Operator fault tolerance
Because “cloud” has become such a buzzword, it’s tempting to dismiss cloud computing as nothing new. But one genuine change is the rise in software designed to work in an environment where hardware failures are expected. The classic example of this trend is the Netflix Chaos Monkey, which tests a software system by initiating random failures. The IT community calls this sort of system “highly available”, whereas the academic community prefers the term “fault tolerant”.
If you plan to deploy a system like an OpenStack cloud, you need to be aware of the failure modes of the system components (disk failures, power failures, networking issues), and ensure that your system can stay functional when these failures occur. However, when you actually deploy OpenStack on real hardware, you quickly discover that the component that is most likely to generate a fault is you, the operator. Because every installation is different, and because OpenStack has so many options, the probability of forgetting an option or specifying the incorrect value in a config file on the initial deployment is approximately one.
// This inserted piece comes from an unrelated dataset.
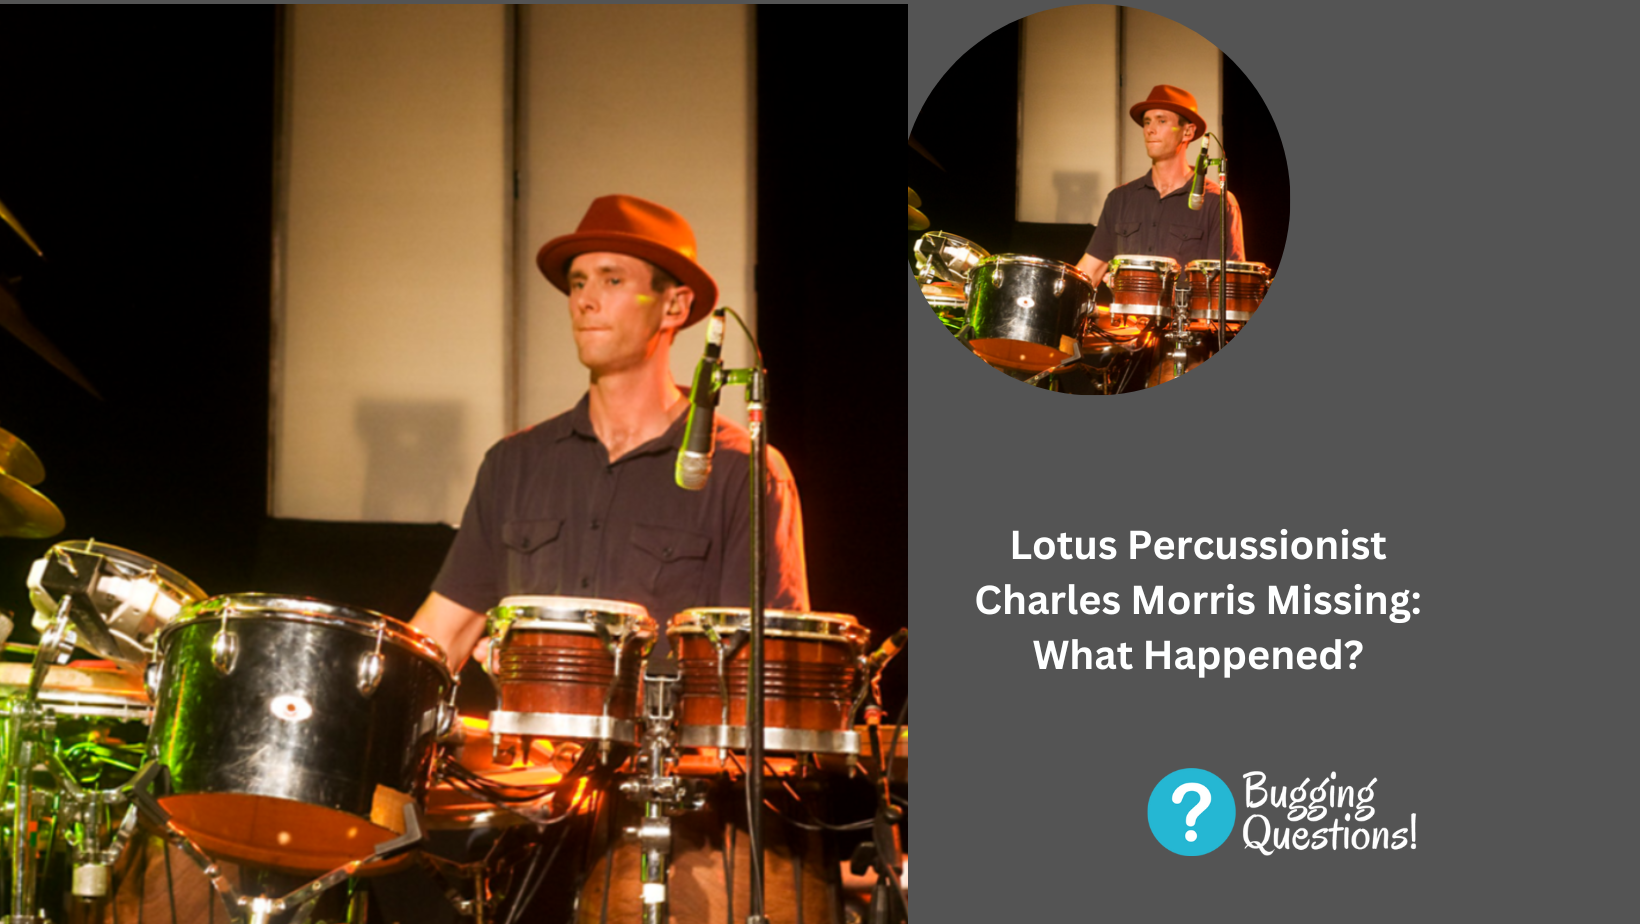 Lotus Percussionist Charles Morris Missing: What Happened?

And while developers now design software to minimize the impact due to a hardware failure, there is no such notion of minimizing the impact due to an operator failure. This would require asking questions at development time such as: “What will happen if somebody puts ‘eth1’ instead of ‘eth0’ for public_interface in nova.conf? How would they determine what has gone wrong?”
Designing for operator fault tolerance would be a significant shift in thinking, but I would wager that the additional development effort would translate into enormous reductions in operations effort.